Виктор написал для «Литературного консерватора» 112 статей и 22 стихотворения, став одним из первых марафонцев во французской журналистике. Первоначальное замешательство перешло во властный тон, благодаря которому журнал сделался рупором нового поколения. Впрочем, некоторые подписчики подозревали, что «новое поколение» представлял один человек с одиннадцатью псевдонимами.
Когда говорят о реакционной природе раннего французского романтизма, вспоминают, что будущий лидер нового течения был самым консервативным из консерваторов. Когда ему присылали книги на рецензию, он выискивал в них грамматические ошибки, каламбуры, нелепые метафоры, неологизмы, вульгаризмы, варваризмы и любые признаки литературной или лингвистической революции. И это – подумать только! – писатель, который в знаменитом стихотворении, опубликованном в 1856 году, провозглашал, что «надел красный колпак Революции на старый словарь»{202}. «Литературный консерватор» создает своего рода оптический обман: молодой Виктор Гюго подвергает критике будущего себя. Он провозгласил, что женщинам не следует запрещать писать, поскольку в противном случае они начнут «плохо себя вести». Он с трудом пытался примирить свое восхищение Вольтером и его репутацию отца Великой французской революции и пришел к выводу: «В сущности Вольтер – монархист». А когда кто-то предложил собирать средства на постройку города, в котором будут говорить только по-латыни, он указал на большую важность основания города для франкоговорящих, «ибо Революция создала новый французский язык, который постепенно сделает прежний непонятным».

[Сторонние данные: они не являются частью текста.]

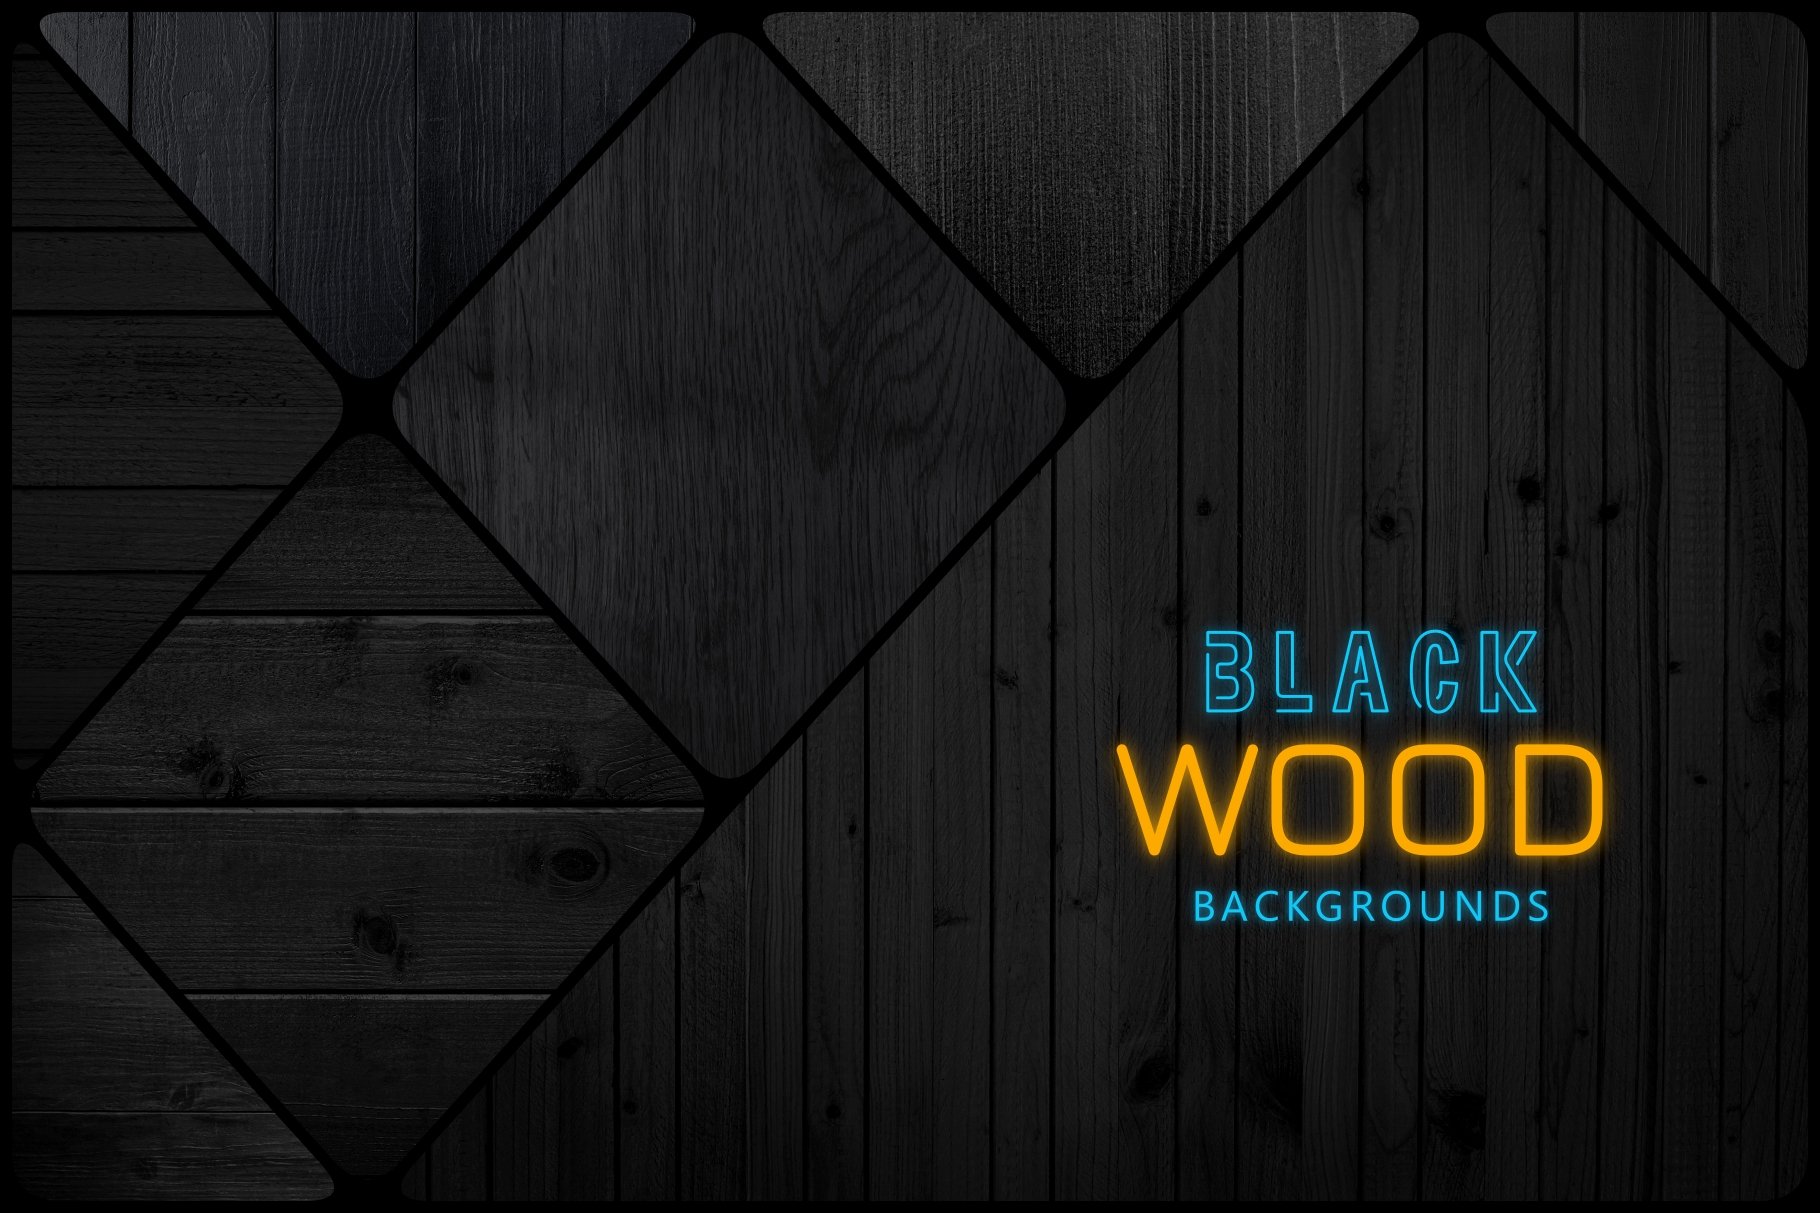 11 blackwoodbackgrounds1 823

Ирония в позднейших произведениях Гюго служит риторическим приемом. Так он выражал свое неудовольствие положением дел, так подспудно призывал к исправлению. Ирония в «Литературном консерваторе» – признак крайнего несогласия с самим собой. Он предупреждал читателей, что «эротические» стихи не принимаются, а затем печатал отрывок виршей некоего Гаспара Декома, который услаждал себя сексуальными фантазиями, прерванными с приходом матери. В одном из своих проявлений Гюго был старым подагрическим педантом. В другом он был молодым человеком, обожающим отца, который считал его «простофилей» и «болтуном».

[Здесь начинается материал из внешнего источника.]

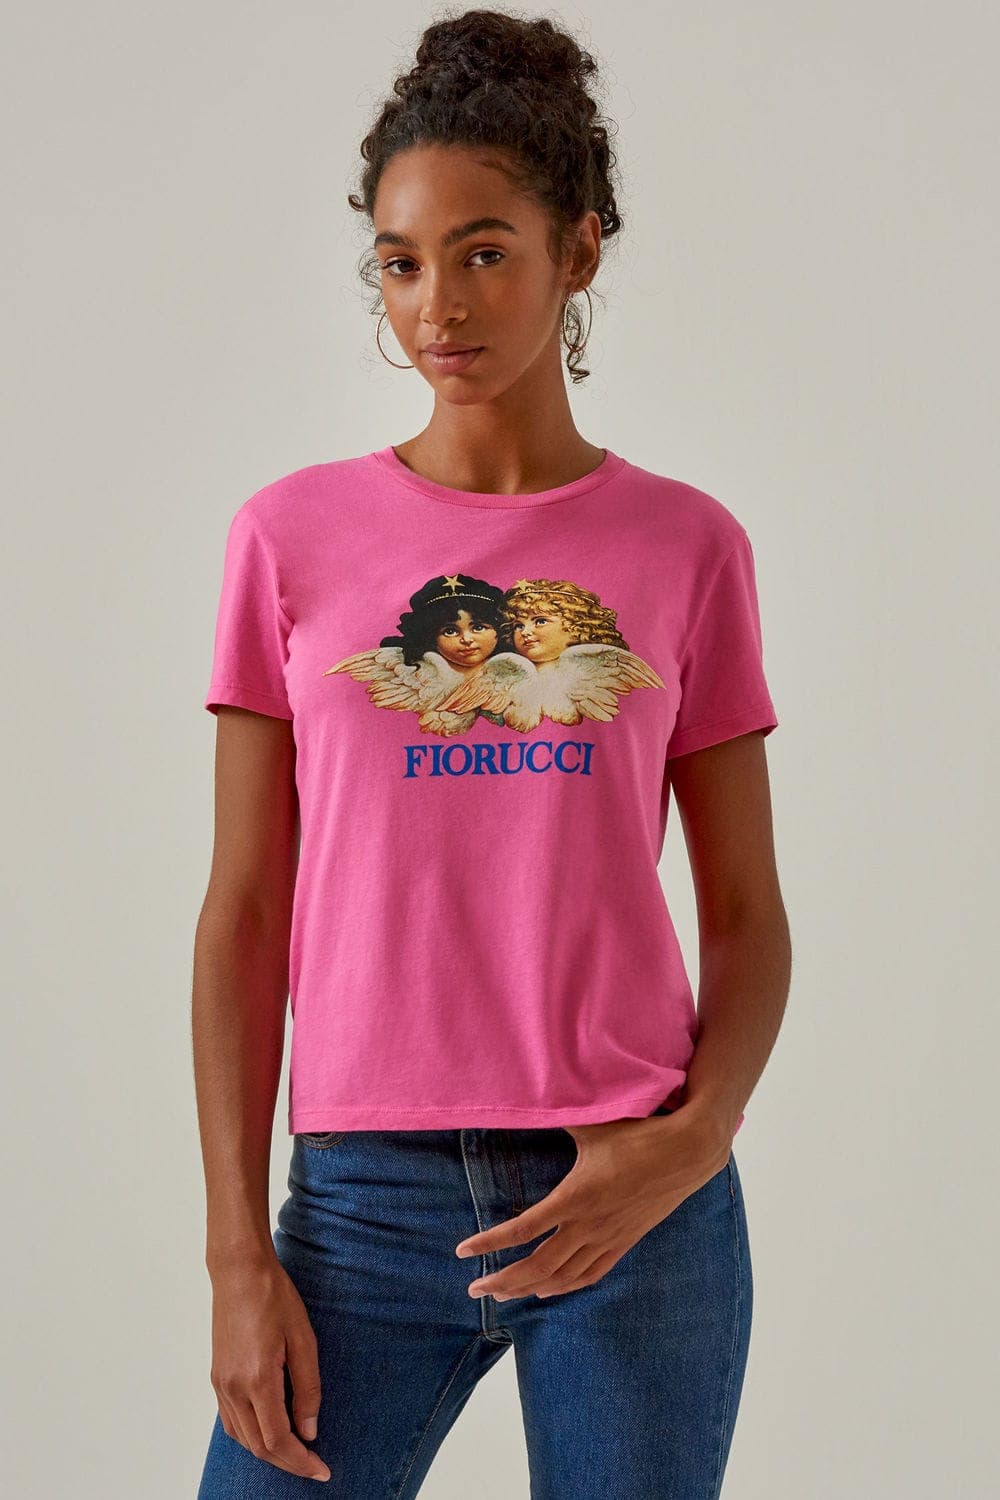 T-shirt synonym is Fiorucci | Acrimonia

В 1834 году, когда Гюго заново опубликовал свои юношеские статьи в «Литературных и философских опытах» (Littérature et Philosophie Mêlées), он тайно внес сотни изменений в оригинальный текст. Например, к нудной критике стихов Шенье он добавил пророческое замечание: возможно, «огрехи» Шенье были семенами поэтического прогресса. Из-за того, что Гюго вносил исправления в собственные записи, его обвиняли в том, что он обманывает как читателей, так и самого себя. И все же озарения не всегда принимают форму готовых выводов или ярлыков. Гюго изначально утверждал, что ни один писатель в полной мере не понимает смысла своего труда, что «все великие писатели создают два шедевра, один намеренно, другой непроизвольно»{203}. Даже в 1820 году он, судя по всему, удивлялся тому, что восхищается «Поэтическими размышлениями» Ламартина, поэзией новой формы, признававшей действие уходящего времени и, следовательно, подвергавшей сомнению неизменные принципы классицизма. Огромным счастьем для романтической поэзии стало то, что она предполагала возможность свободы от педантов – даже от педанта, сидящего внутри тебя самого. Ее расплывчатость и «местный колорит, – писал Гюго, – сообщают даже самым несовершенным строкам дух своего рода волшебных заклинаний».